Imported pets

Christopher Fernandez-Prada, Assistant Professor of Parasitology, Faculty of Veterinary Medicine, Université de Montréal, St-Hyacinthe, QC

Many parasites that occur abroad are not seen, or very rarely, in Canada and several of them are major diseases transmitted by arthropods. Companion animals living in Canada will not have met any of these parasites before travelling abroad and are likely to be susceptible. Veterinarians should consider these important diseases when animals travel to tropical and Mediterranean areas. In addition, and not to be neglected, several of these exotic maladies do not have licensed /veterinary medicines available in Canada, which can lead to long delays before obtaining the correct drug by the veterinarian. It is vital to inform pet owners before and after they have been abroad with their animals, especially when they become ill soon after their return to Canada. Travelling animals should adhere to preventive programs against ticks, sandflies, heartworm and tapeworms. These treatments should be always planned according to current knowledge of pathogens’ prevalence in targeted destinations.

Most frequent diseases include: babesiosis, ehrlichiosis, hepatozoonosis, leishmaniasis, Chagas disease, heartworm and tapeworms. Babesiosis, ehrlichiosis and hepatozoonosis are spread by ticks. Whereas babesiosis and ehrlichiosis are transmitted when the tick feeds, hepatozoonosis occurs when dogs (rarely cats) groom off and swallow infected ticks. Symptoms may include: anemia, fever, weakness and red-to-dark-brown urine in the case of babesiosis and fever, bleeding and depression in the case of ehrlichiosis.  Usually, animals infected by hepatozoonosis do not display clinical signs unless they are affected by a concomitant immunosuppressive disease. These three diseases can be easily confirmed by blood sample testing but treatment is difficult and require specific drugs. Tick control plans are necessary to minimize the risk of infection. 

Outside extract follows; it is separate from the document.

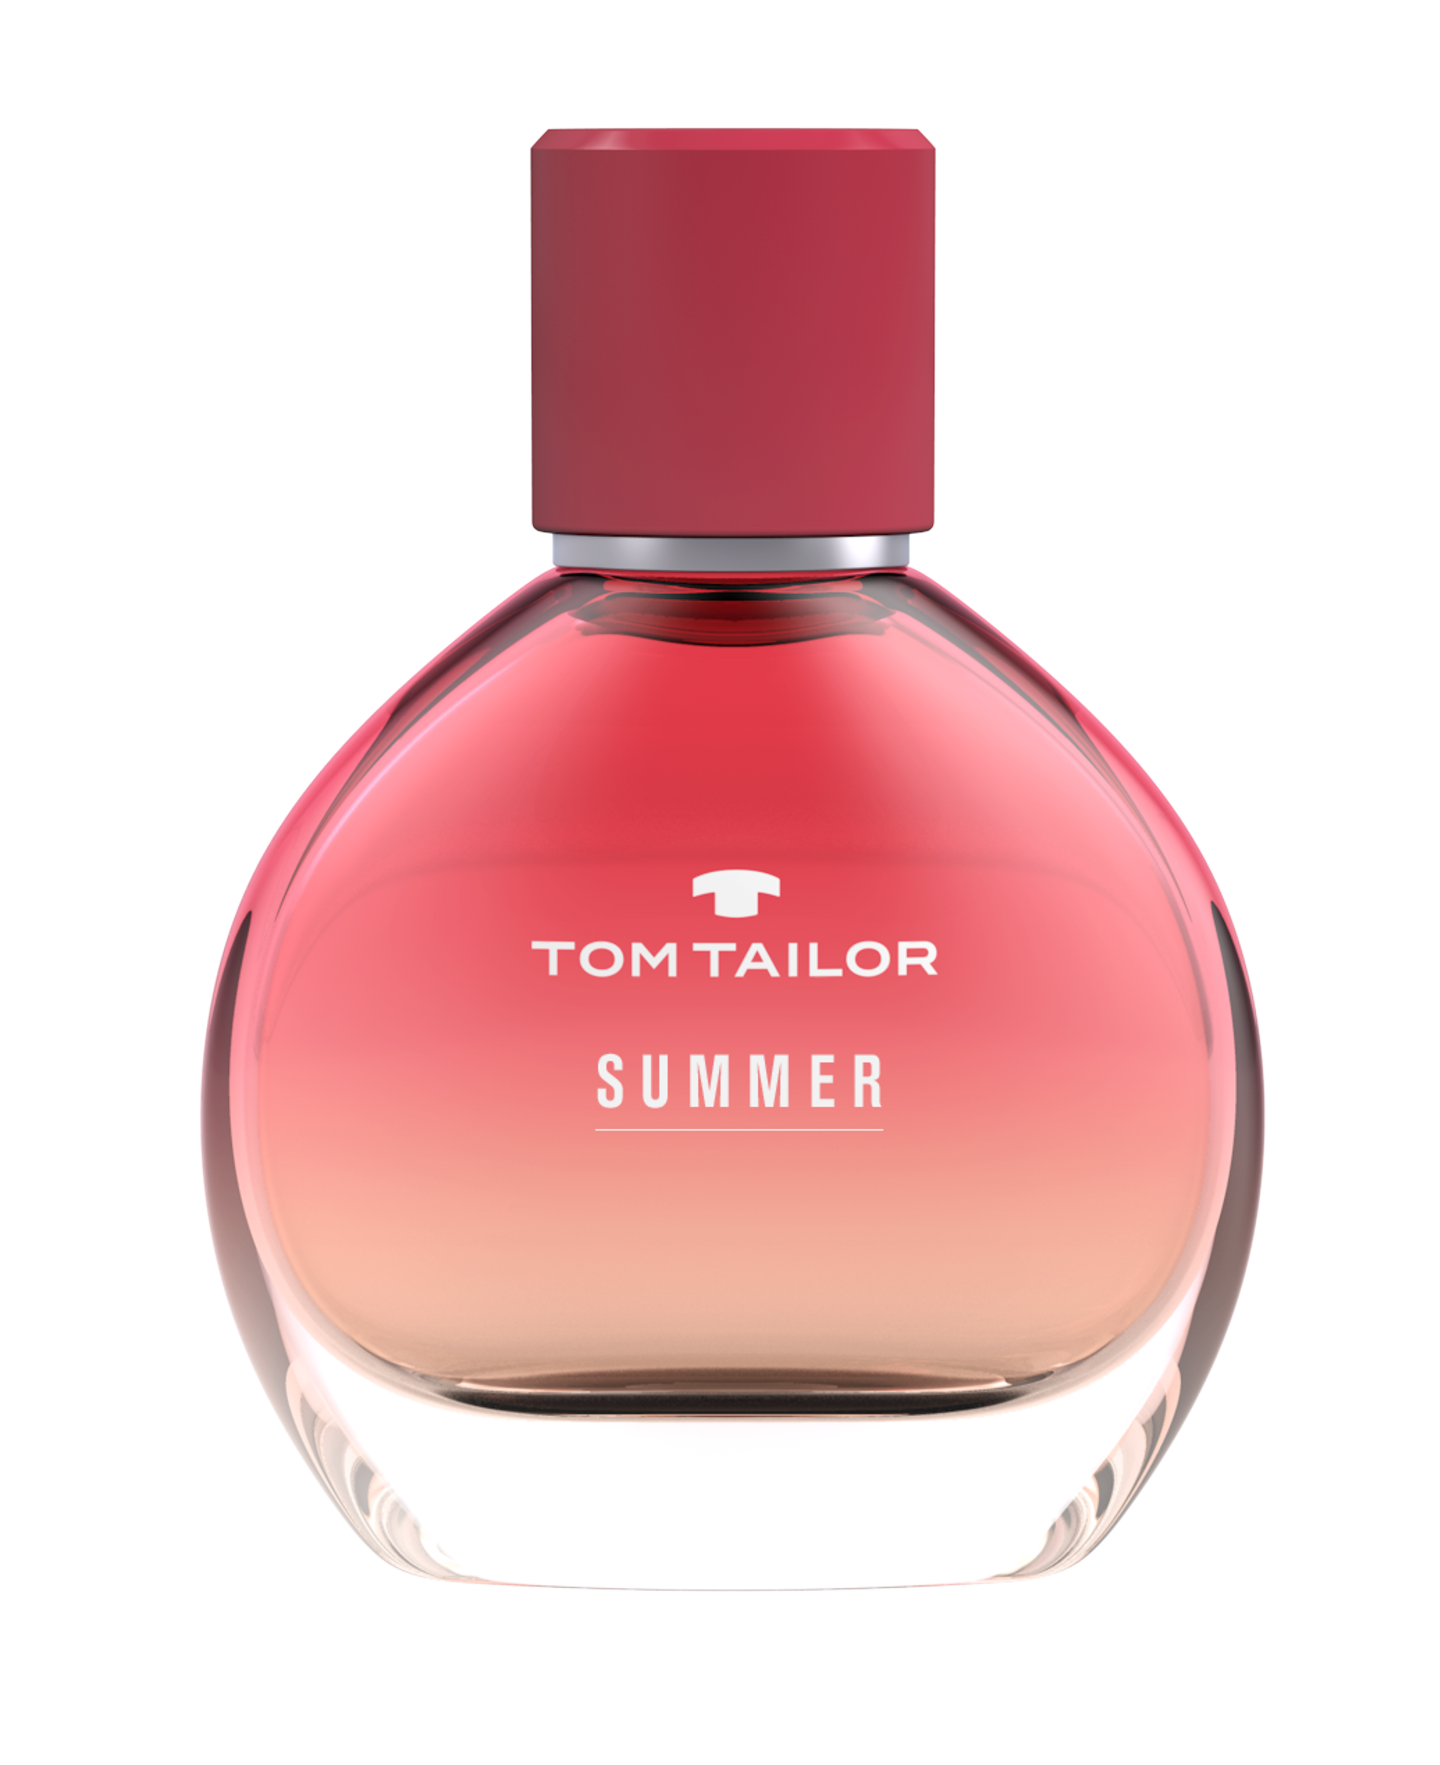 Tom Tailor Summer
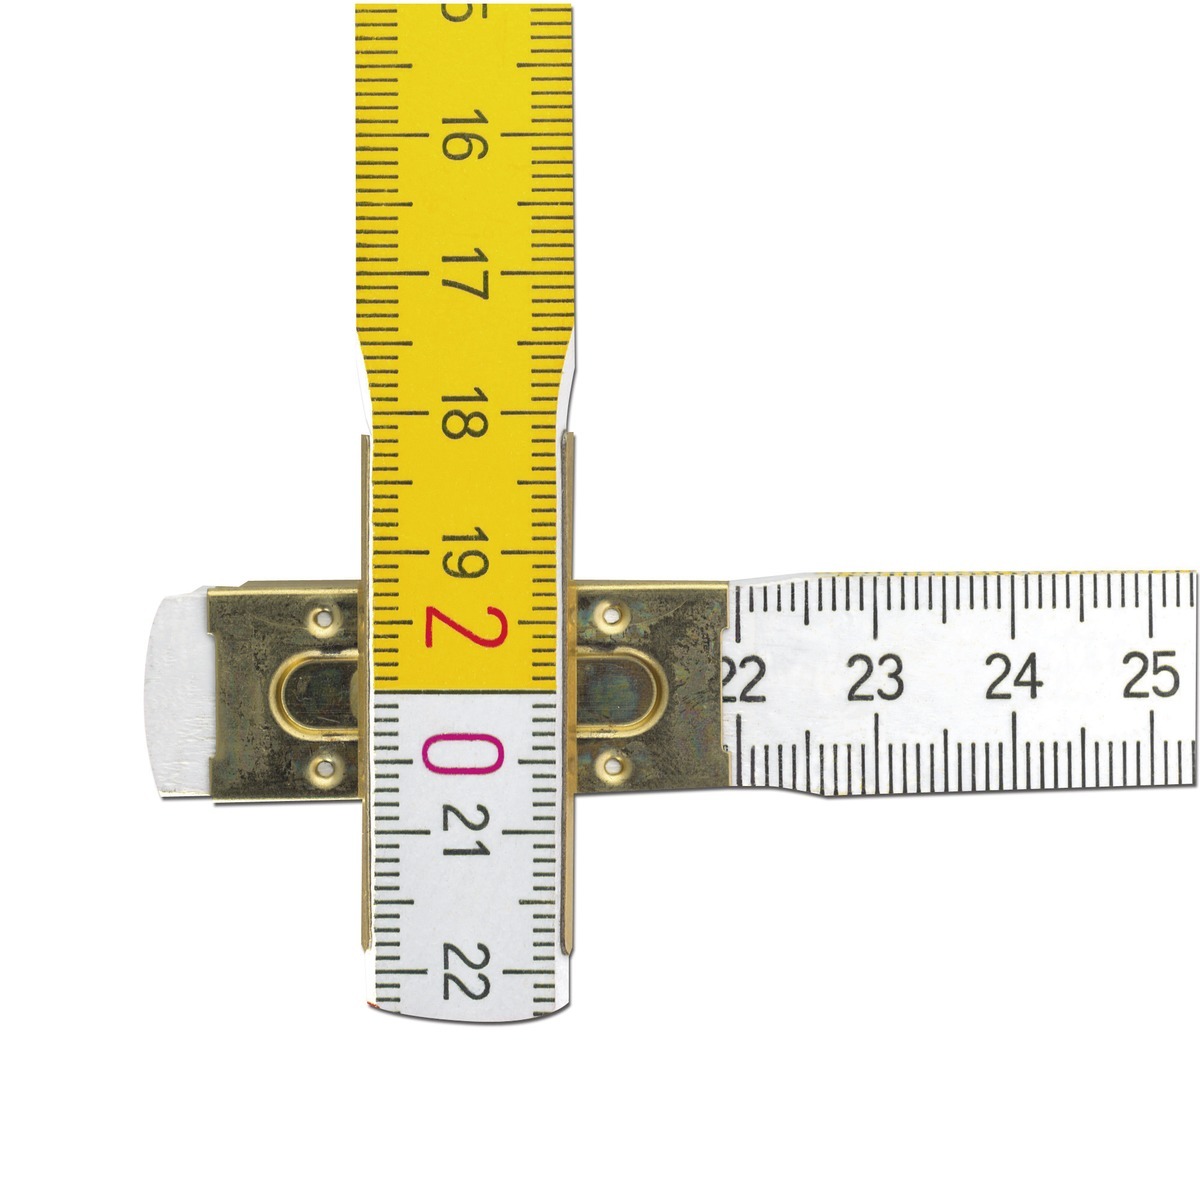 Mètre pliant en bois STABILA type 617/11, 3 m, graduations métriques blanches et jaunes pour une lecture plus rapide, certifié PEFC - 01231

Leishmaniasis and Chagas disease are transmitted by sandflies and kissing-bugs, respectively. Canine leishmaniasis mainly occurs through the tropics, being highly prevalent in wooded areas of the Mediterranean basin. Leishmania parasites are transmitted by the vector during its blood feeding. Leishmaniasis is manifested by a broad spectrum of clinical signs and degrees of severity, which can start a few months or several years after the infection. Clinical signs may include cutaneous (different kinds of skin inflammation, dermatitis and onychogryphosis) and general manifestations: generalized lymphadenomegaly, lethargy, mucous membrane pallor, splenomegaly, polyuria/polydipsia and fever. Leishmaniasis can be confirmed by testing blood (e.g. detection of specific serum antibodies by immunofluorescence antibody test) or biopsy samples (PCR and parasite culture from tissues). Current treatments are highly aggressive, long and expensive. Moreover, clinical response to treatment can vary from very poor to good depending on the initial status of the animal.

Chagas disease is considered endemic in most of Mexico’s territories, Central America, and South America.  Dogs can become infected by Chagas disease by different routes, however, ingestion of infected kissing-bugs represents the most frequent one. Disease symptoms depend on the progression and duration of the infection. Acute phase is characterized by fever, lethargy, swollen lymph nodes, and an enlarged liver and/or spleen. Chronic infection can lead to dilated cardiomyopathy, a severe heart disease that may result in congestive heart failure. Chagas disease diagnostics is highly complex and includes blood testing, urinalysis, X-rays, electrocardiogram and heart ultrasound. Unfortunately, no drug is able to cure Chagas disease, which means that even early-treated dogs will progress to the chronic form of the disease.

Control for both leishmaniasis and Chagas disease should rely on prevention. Prevention measures include: avoiding ‘high-risk’ areas, keep animals inside at dawn and dusk and house dogs indoors at night to reduce exposure to sandflies and kissing-bugs, use repellents, prevent dogs from eating bugs and/or potentially infected animals (mice, rats, etc.). In addition to exotic protozoan parasites, animals travelling abroad may increase their risk of exposure to heartworm and tapeworm infections.